SWEAT
(director/writer: Magnus von Horn; cinematographer: Michal Dymek; editor: Agnieszka Glinska; music:Piotr Kurek; cast: Magdalena Kolesnik (Sylwia Zajac), Julian Sciezewski (Klaudiusz), Aleksandra Konieczna (Basia), Tomasz Orpiński (Rysiek), Zbigniew Zamachowski (Fryderyk), Dominika Biernat (Wiktoria); Runtime: 107; MPAA Rating: NR; producer; Mariusz Wlodarski: Mubi; 2020-Poland/Sweden-in Polish with English subtitles)
“Gives us an intense look at a popular fitness guru without trying to falsely glamorize her.”
Reviewed by Dennis Schwartz
The Swedish-born filmmaker based in Poland, Magnus von Horn (“The Here After”), who attended film school in Poland, shoots this social conscience film in Warsaw.
It opens at a Warsaw shopping mall, where the attractive blonde, the 30-year-old social media star and popular fitness instructor Sylwia Zajac (Magdalena Kolesnik) is doing an in-person aerobics demonstration of her workout video called Sweat (also the film’s title). Her admirers in the crowd want to be fit like her, as they go along doing the exercises as she does them in the demo.

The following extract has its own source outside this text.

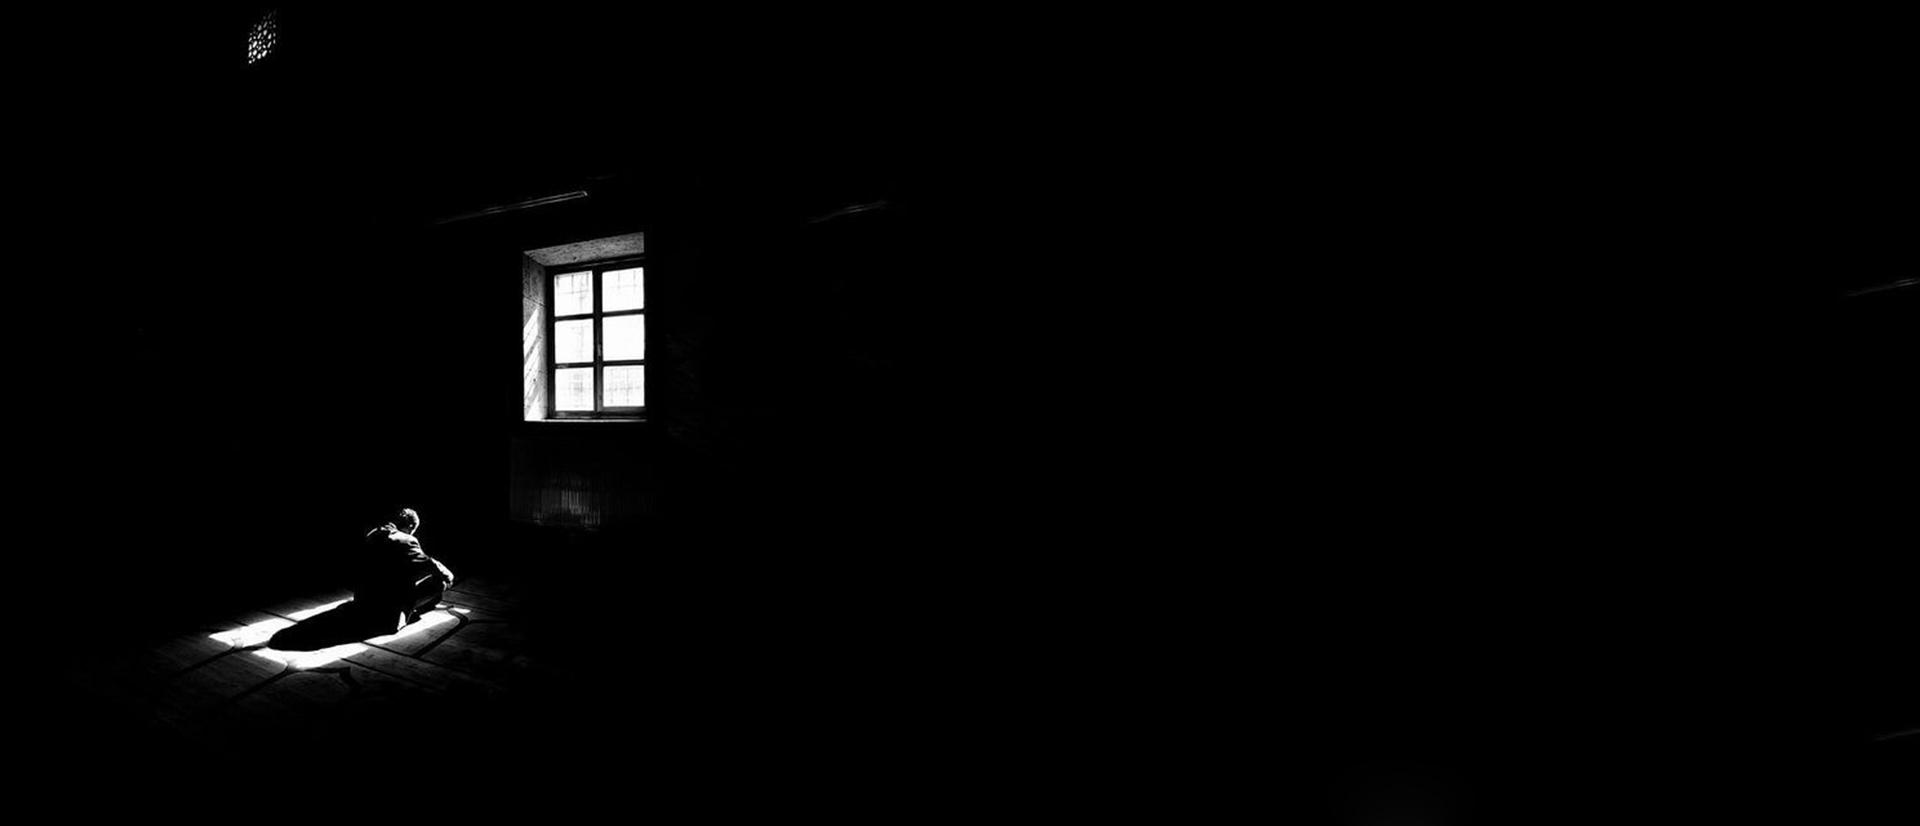 Lonely Black And White Lonely Black And White...

The idol has touched her followers. She is someone they look up to as a goddess who has inspired them to keep fit. The always smiling Sylwia in public is a workaholic, who behind her public image leads a lonely life living alone in a luxury apartment, with her sole companion Jackson (a Jack Russell Terrier). She barely notices her handsome assistant Klaudiusz (Julian Sciezewski), who pines for her, and the others who crave for her. The filmmaker paints her as someone who has successfully built a brand name (with 600,000 followers on Instagram she regularly keeps in touch with) and is a highly paid video-maker and an endorsement hog. But she is unable to make a real connection with others, and is an example of the loneliness that results from leading a busy lifestyle and unable to relate intimately with others–hiding from others her unhappiness.
The film stays on message about its fitness guru, as it shows her in close-ups running on a treadmill or working a crowd with canned motivational speeches.
The actress captures the struggle we all face when seduced by superficial contemporary demands from places like social media. The film comes across as a compelling character study, one that delivers no particular thrills or suspense or shocks. It just tells a solid story by a filmmaker who gives us an intense look at a popular fitness guru without trying to falsely glamorize her.